В “Зимней сказке” спасительной жертвой, позволяющей остальным опомниться и
начать воссоздавать разделенный мир, является странный мальчик Мамиллий — если бы известие о его смерти не пришло вслед за
объявленным решением оракула, возможно, Леонт
усомнился бы и в правоте богов. А восстановление единства мира имеет в итоге
главную цель. Дело в том, что финал пьесы выглядит еще более загадочным, чем
начало и странная сказка Мамиллия. Я уже говорил, что
первый уровень понимания находится здесь: Паулина
прятала у себя Гермиону все эти шестнадцать лет и вот
теперь таким эксцентричным способом решила вернуть ее мужу. Но, с другой
стороны, трудно поверить, что Леонт не присутствовал
на похоронах своей жены, он и сам признает, что видел ее мертвой, дух Гермионы явился — и не во сне! — слуге, который увозил ее
маленькую дочь. Эти и некоторые другие факты позволяют допустить, что речь
действительно идет о чуде воскрешения-оживления мраморной статуи: камень
становится живым (вспомним, по принципу противоположности, финал “Идиота”, где
тоже как бы в алькове, за занавесом, лежит тело Настасьи Филипповны, бывшее
когда-то живым, а ныне ставшее мрамором). Оставляя сейчас в стороне миф о Пигмалионе и возвращаясь к
“Зимней сказке”, скажу, что чудо воскрешения становится возможным только после
того, как окончательно восстанавливается единство мира, все становятся членами
одной семьи.
У
персонажей пьесы значимые имена, не буду подробно на этом останавливаться,
скажу лишь, что Гермионой, помимо дочери Менелая и Елены, звали еще и святую мученицу II века нашей
эры, дочь апостола Филиппа Диакона, равно почитаемую и православными, и
католиками, и по-гречески ее имя значит “соединяющая”. Кроме того,
шекспировская Гермиона — единственная русская из всех
его персонажей, дочь русского царя, и любопытно, как говорит о нем Гермиона: “Когда б он жил еще / И
видел суд над дочерью любимой, / Он взором состраданья, но не мести / Измерил
бы всю горечь мук моих”.
Думается, не надо долго говорить
о том, насколько близко все это роману “Братья Карамазовы”, насколько близки Мамиллий и Илюша Снегирев, тема оживающего камня,
становящегося центром обновляемого мира (у Достоевского — Илюшин камень, под
которым мальчик просил похоронить его и возле которого в финале собираются
Алеша Карамазов с мальчиками, и отсюда аллюзия — краеугольный камень, Христос),
тема воскресения, становящегося возможным только после восстановления утраченного братства у постели
умирающего Илюши.

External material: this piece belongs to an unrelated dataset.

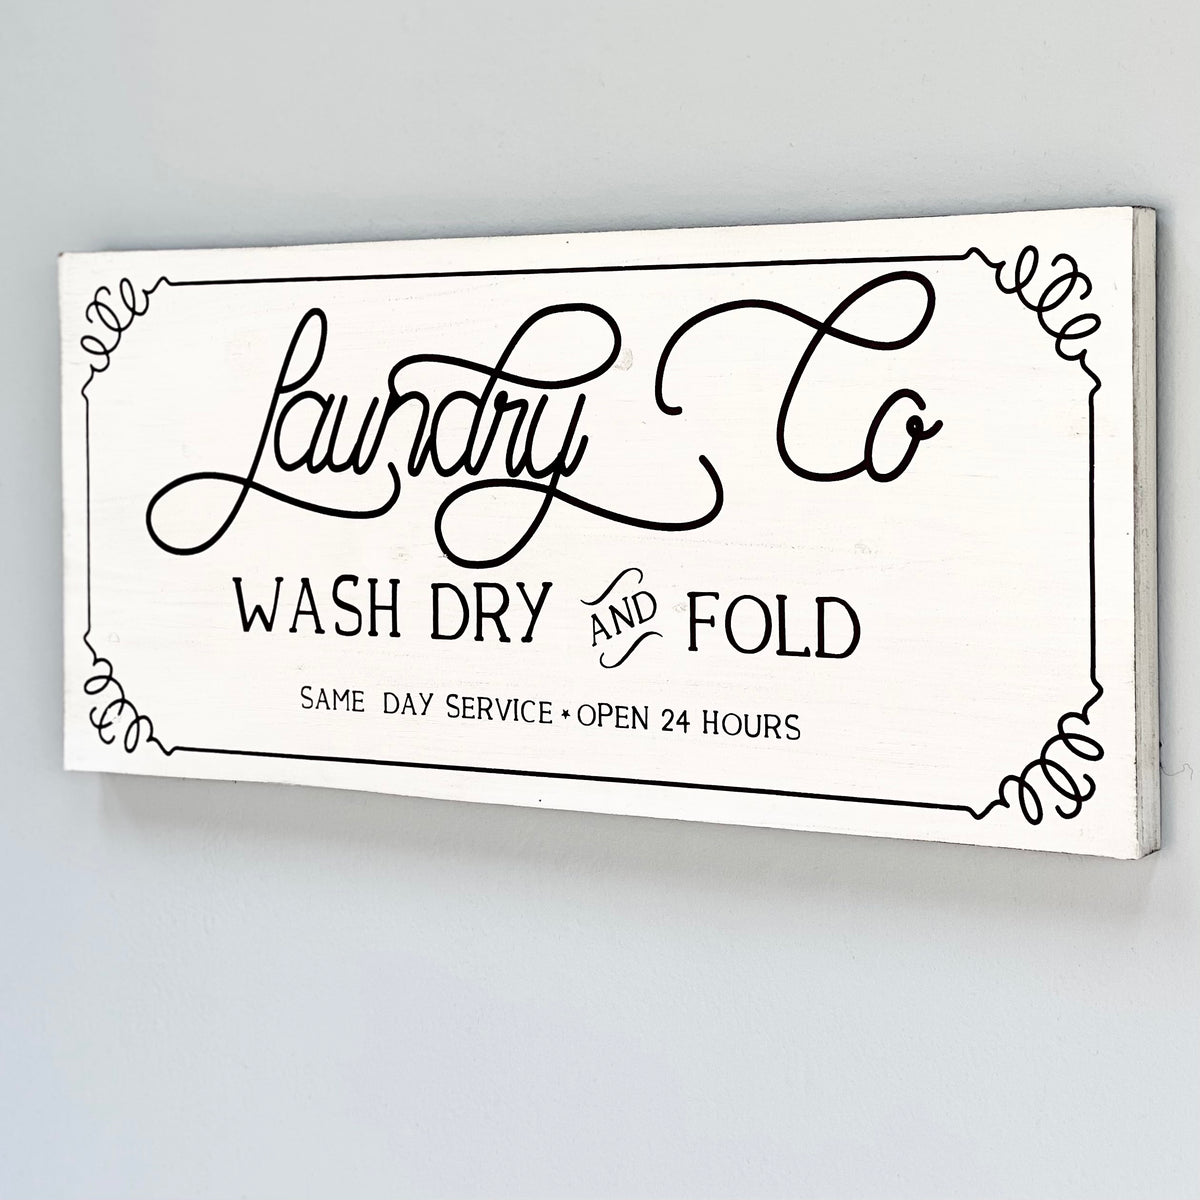 Laundry Co. Wooden White Wall Art
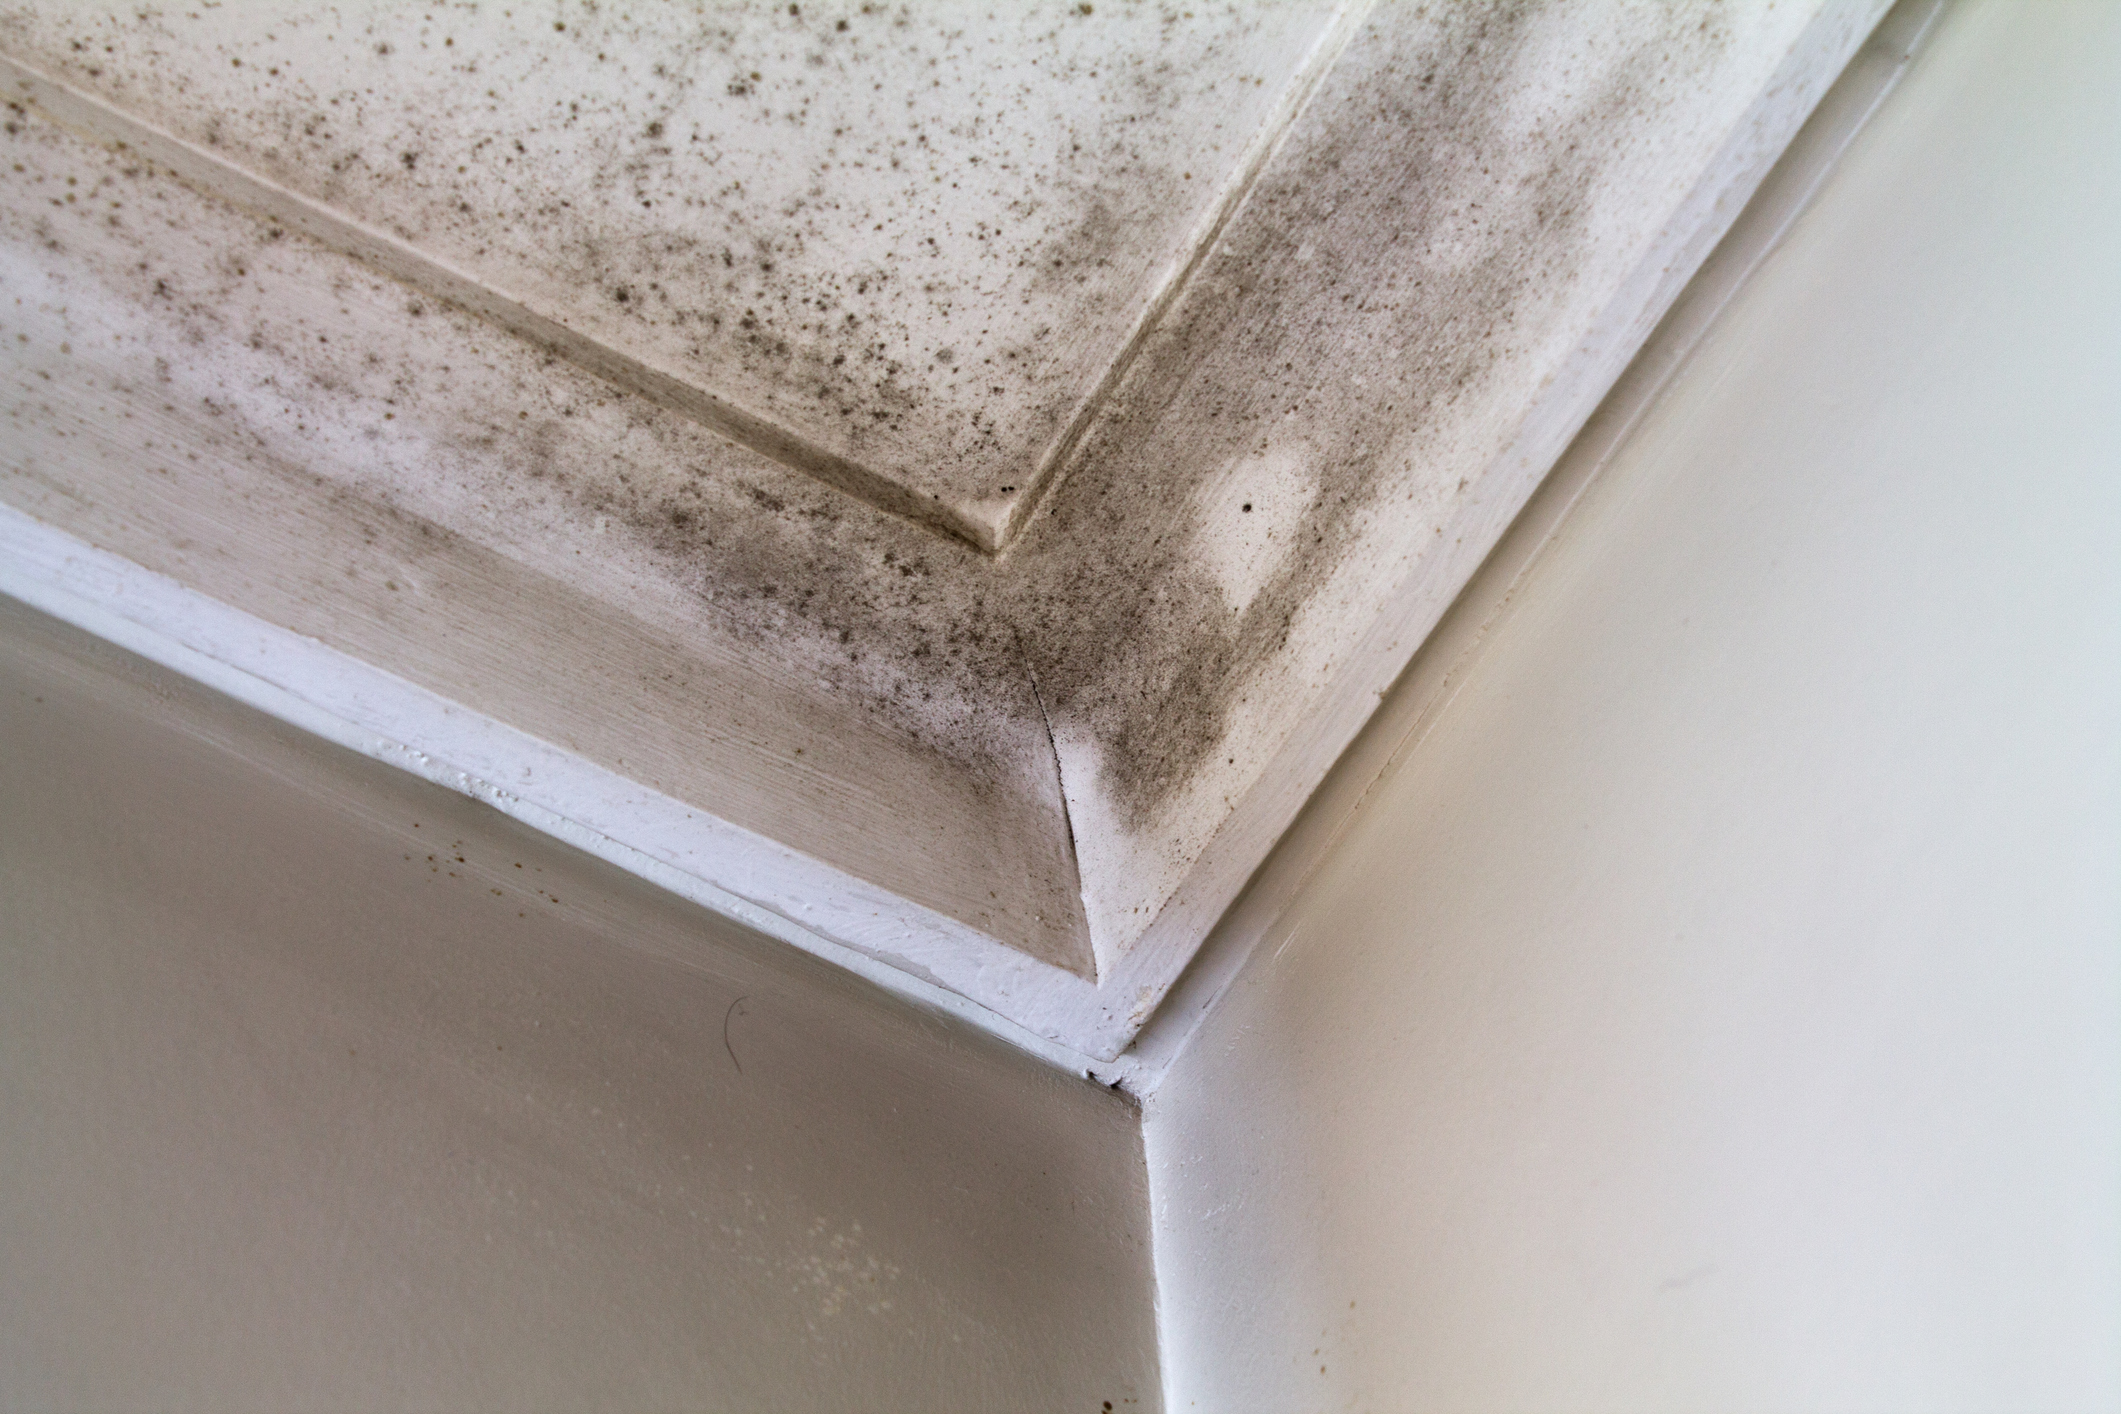 Mold in house

Нельзя не отметить здесь, что вообще очень характерное для
многих шекспировских пьес противостояние языческих и христианских норм и
принципов мировидения чрезвычайно значимо и для понимания романа “Братья
Карамазовы”, вспомним хотя бы слова старца Зосимы: “Теперь общество
христианское пока еще само не готово <…> в ожидании своего полного
преображения из общества как союза почти еще языческого во
единую вселенскую и владычествующую Церковь”. Это преображение языческого мира Скотопригоньевска происходит в романе Достоевского
буквально на глазах читателя. В первых актах “Зимней сказки”,
несмотря на приведенные рассуждения о первородном грехе, герои живут как бы еще
в языческое время (обращения к Аполлону, дельфийскому оракулу и т. п.), а во
второй части доминируют уже христианские ценности (и главные из них — покаяние
и прощение обид), неким же промежуточным звеном служит вдруг, как бы ни с того ни
с сего, вторгающаяся пляска сатиров (правда, в роли сатиров здесь —
переодетые богемские крестьяне). Вспомним
еще, что в финале “Зимней сказки” мать обнимает виновника смерти своего сына —
как в той будущей гармонии, против которой бунтует Иван Карамазов (здесь все
еще усложняется тем, что этот виновник — отец ребенка).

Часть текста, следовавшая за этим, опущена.